|ARTS COUNCIL ANNOUNCES FUNDING DECISIONS FOR THE ARTS IN ENGLAND|
|Arts Council England today (26 October) revealed its plans for implementing the 29.6% cut to its budget announced as part of the Government’s Spending Review.|
|Following a meeting of National Council yesterday (25 October) an implementation plan has been agreed to reduce Art Council England’s grant-in-aid budget from its current baseline of £449 million to £349m by 2015. This is a real-terms cut of £457m over four years. The plan includes:• A 6.9% across-the-board cash cut for the majority of arts organisations in 2011/2012 only
• A 14.9% real-terms cut to the money available for the regular funding of organisations by 2014/15
• Significant cuts to the funding of Creativity, Culture and Education, Arts and Business, and the Arts Council’s development funds
• A 50% reduction to the Arts Council’s operating costs, from the current £22m to £12m (real terms) in 2015
Liz Forgan, Chair of Arts Council England, said: “These are severe cuts, made worse by the fact that around 80% of them have to come in the first two years of the settlement. “We are determined to lead the arts through this tough period, using all our knowledge, expertise, and brokering skills, and drawing on the resourcefulness and imagination around us.
“For several months we have been in conversation with the DCMS, our funding partners, arts organisations and artists about how we can best support the arts in dealing with significant cuts. We have had to prioritise, to achieve a 6.9% cut to our portfolio within a 14% cash cut to our overall 2010/11 budget.
“These measures are designed to ensure a strong and resilient future. The country needs its artists at a time like this and we are about building, as well as sustaining, our unparalleled arts and cultural sector.”
National Council had already indicated they would seek to minimise the effect of any cuts to the portfolio of arts organisations. Because the cut is heavily weighted, in the first year of the settlement 2011-12 (15.5% real,14% cash), £62.8m savings have had to be found for 2011-2012 alone – nearly 50% of the cuts to the Year 4 baseline. Around 80% of the cuts required come in the first two years.
This approach keeps the overall percentage cut as low as possible and gives organisations a quick and fair decision. This allows organisations a degree of stability in a very challenging economic environment, particularly in the context of the large cuts to local authority budgets implied in the Spending Review.
The transitional year will also allow the Arts Council to work closely with its partners and co-funders.
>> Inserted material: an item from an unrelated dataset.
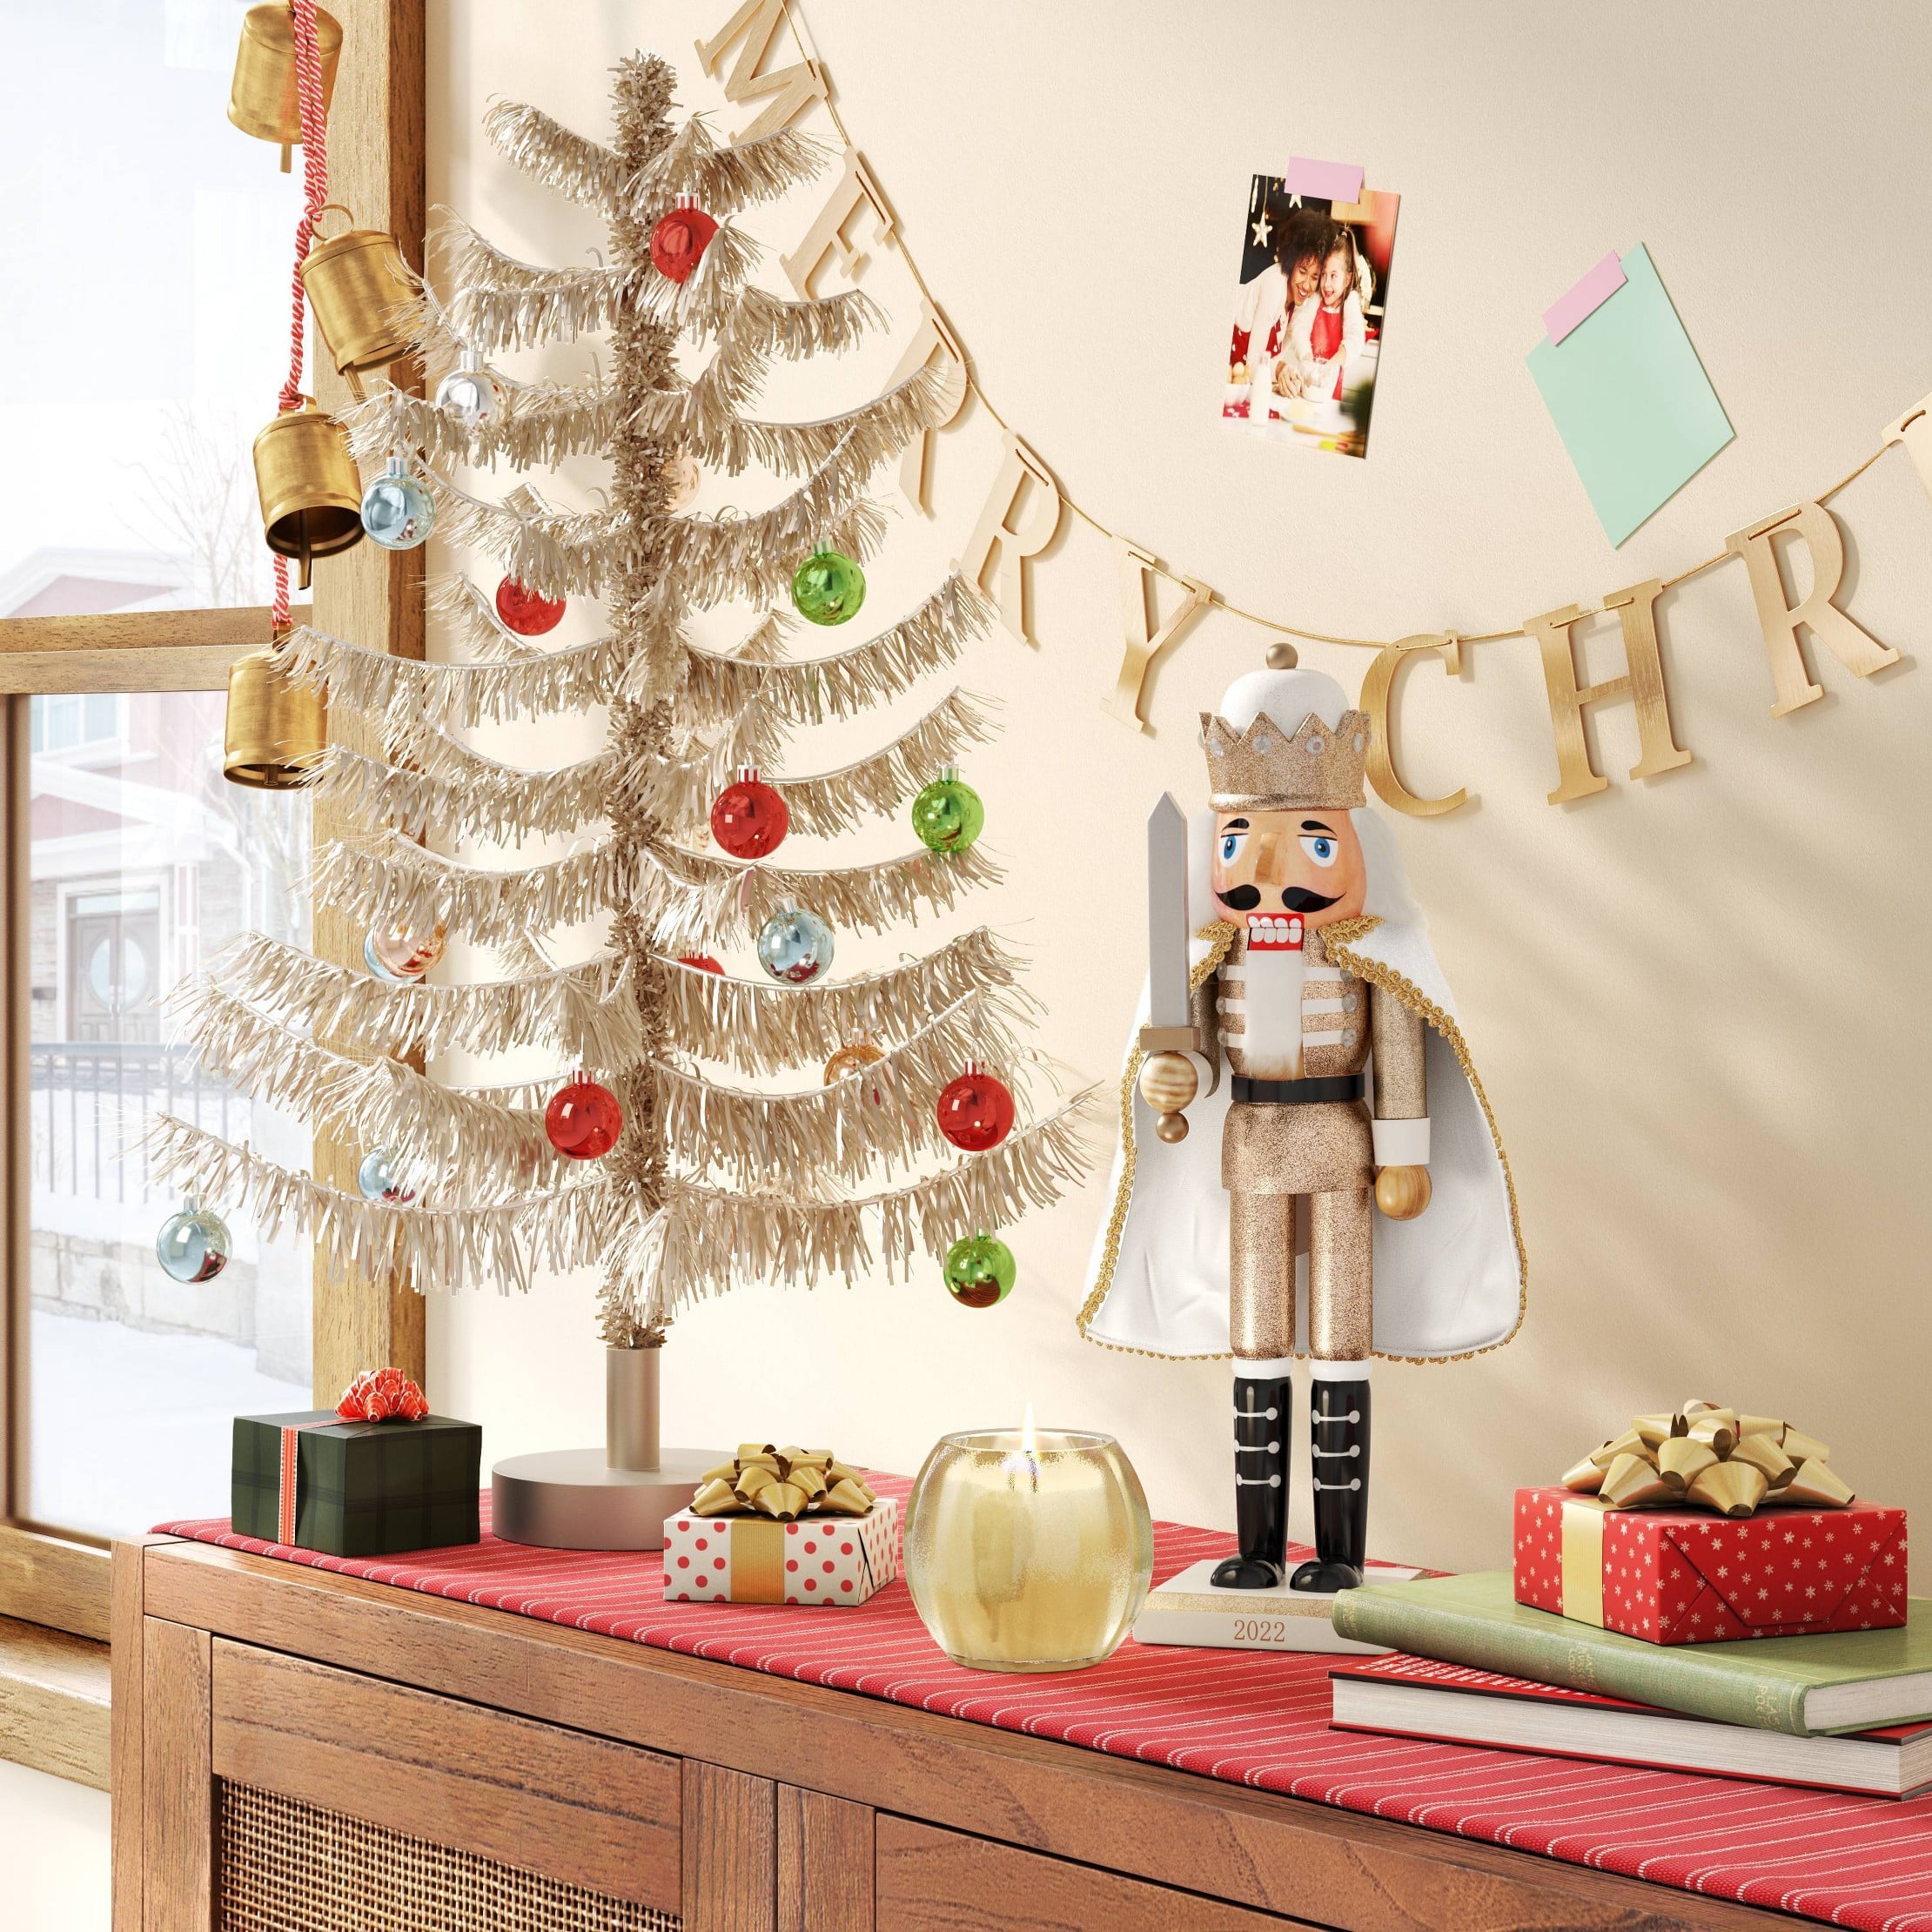 Wood Christmas Ornaments, Natural Holiday Coasters

This level of reduction has been achieved by larger percentage cuts to some of the Art Council’s regular clients whose primary purpose is not arts creation or performance. As outlined below:
• The budget for Creativity, Culture and Education (responsible for the Creative Partnerships scheme) will be reduced by half following the Government’s announcement of the closure of Creative Partnerships in the Spending Review. Children and young people remain an absolute priority. The Arts Council will work in closer partnership with its funded organisations to ensure high quality arts opportunities for young people.
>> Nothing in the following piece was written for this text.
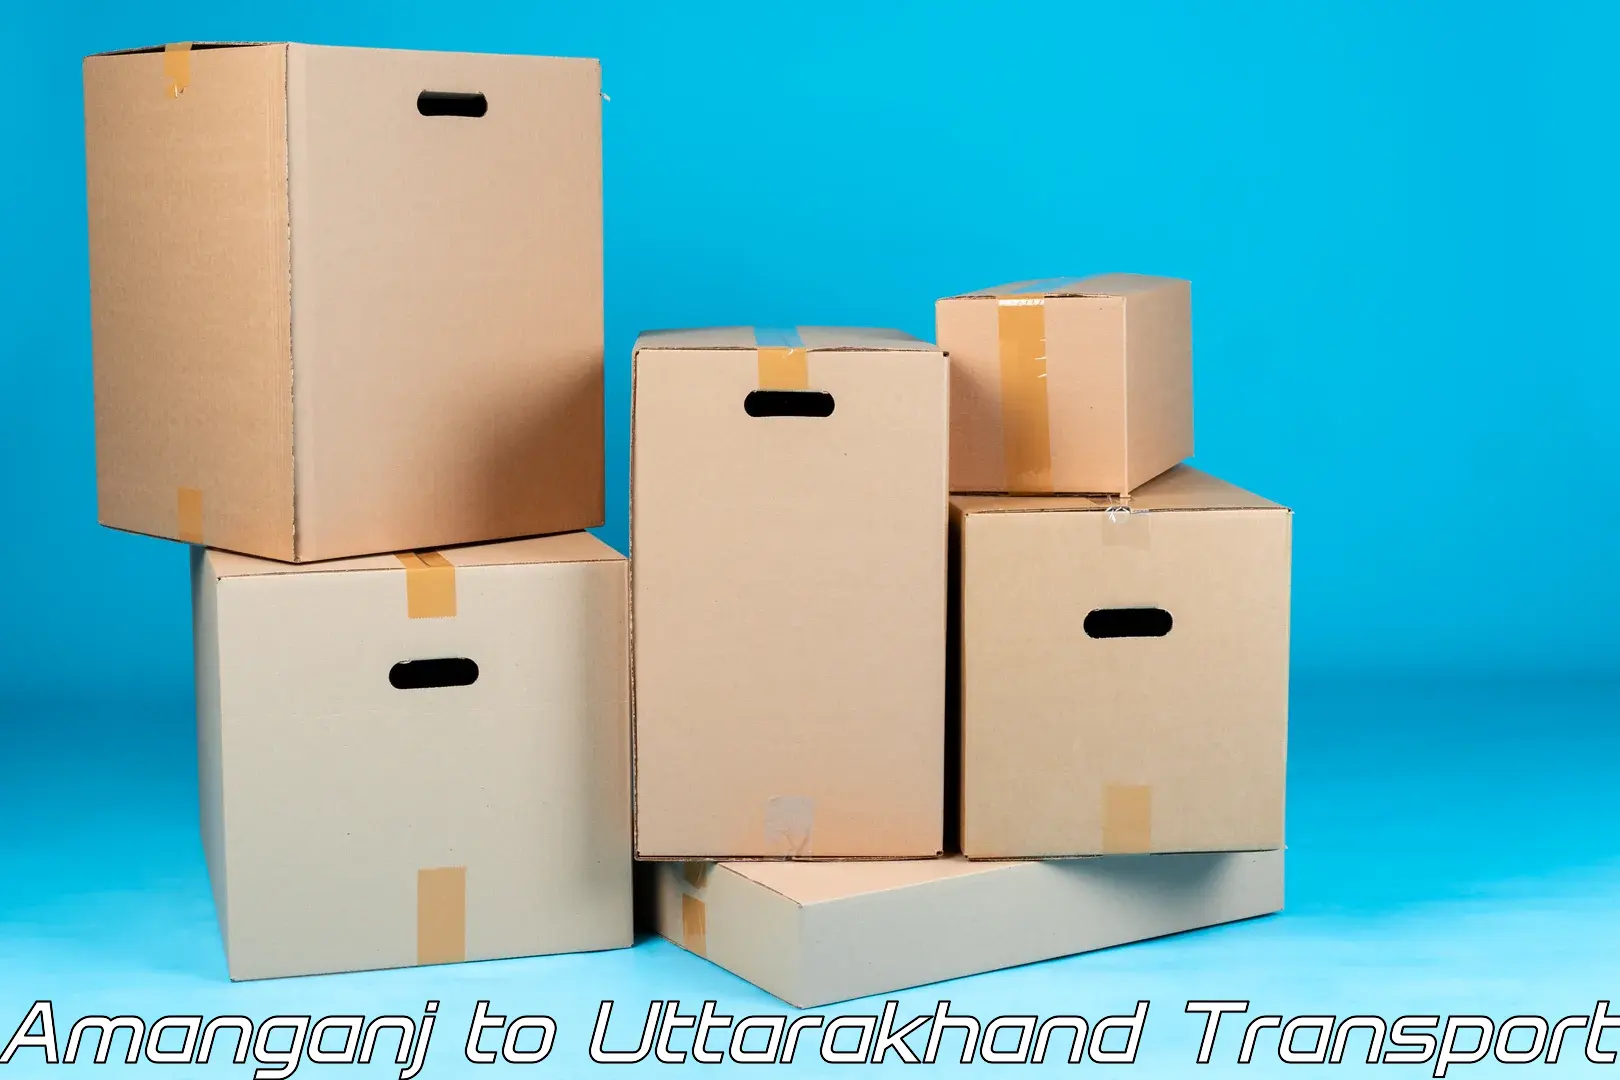 Furniture transport service Amanganj to Uttarakhand

• Arts and Business will have its funding reduced by half in 2011/12. The Arts Council has reviewed its position on private and corporate giving in line with the current needs of the sector. As a result we will be redirecting some of our future resource to developing a challenge fund to incentivise donors and building the fundraising capacity of arts organisations. Arts and Business will be given a transitional budget to enable it to fulfil specific activities already committed to and to plan its future operating structure. There will be no core funding for Arts and Business beyond 2012, as the Arts Council will be looking at different ways to support this key area of work.
• Alongside its portfolio of Regularly Funded Organisations, the Arts Council has a budget for strategic opportunities for artistic work. This supports work such as touring, the Cultural Leadership Programme and the Manchester International Festival. The fund will be reduced by £21m (64%) next year. Clearly, in the light of this reduction, difficult choices will have to be made, which the Arts Council aims to do by the end of the year. In future the Arts Council will be asking its funded organisations to take on more responsibility for furthering its strategic goals, particularly in the areas of touring and audience development.
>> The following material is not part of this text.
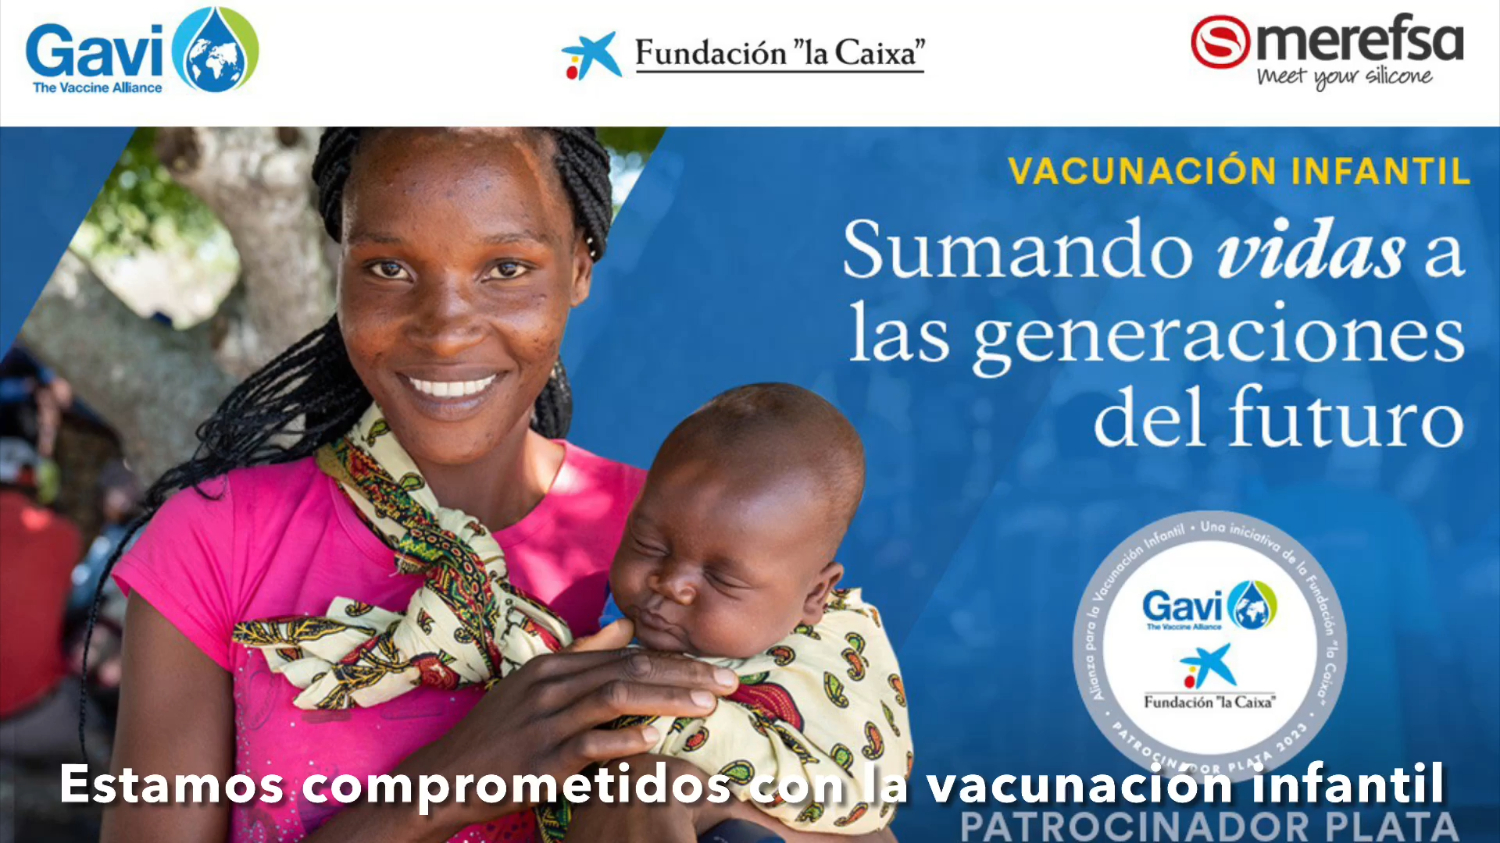 Octavo aniversario de colaboración con GAVI y La Caixa para la Vacunación Infantil

• The Arts Council has also been asked by DCMS to cut 50% from its operating costs over the next four years, from the current £22m to £12m (real terms). Currently, only 3.4% of this is spent on administration, according to the Treasury definition of admin spend. National Council has serious concerns about the ability of the organisation to operate effectively with this level of cut, as it comes on top of a 15% reduction in operating costs this year.
YEARS TWO TO FOUR
Some organisations will not receive funding in future, some may receive more, and some less. There will also be the opportunity for new organisations to apply.
Full details of this new system will be announced on 4 November to coincide with the publication of the Arts Council’s new 10-year strategic framework for the arts, “Achieving Great Art for Everyone”. Individual funding decisions for 2012-2015 will be announced by the end of March 2011.
The Arts Council’s purpose has been to create a portfolio in line with its new strategic framework, and in full dialogue with arts organisations, artists and funding partners. Funding cuts will seriously affect its total budget, but not the shape of the Arts Council’s ambition for the sector it serves.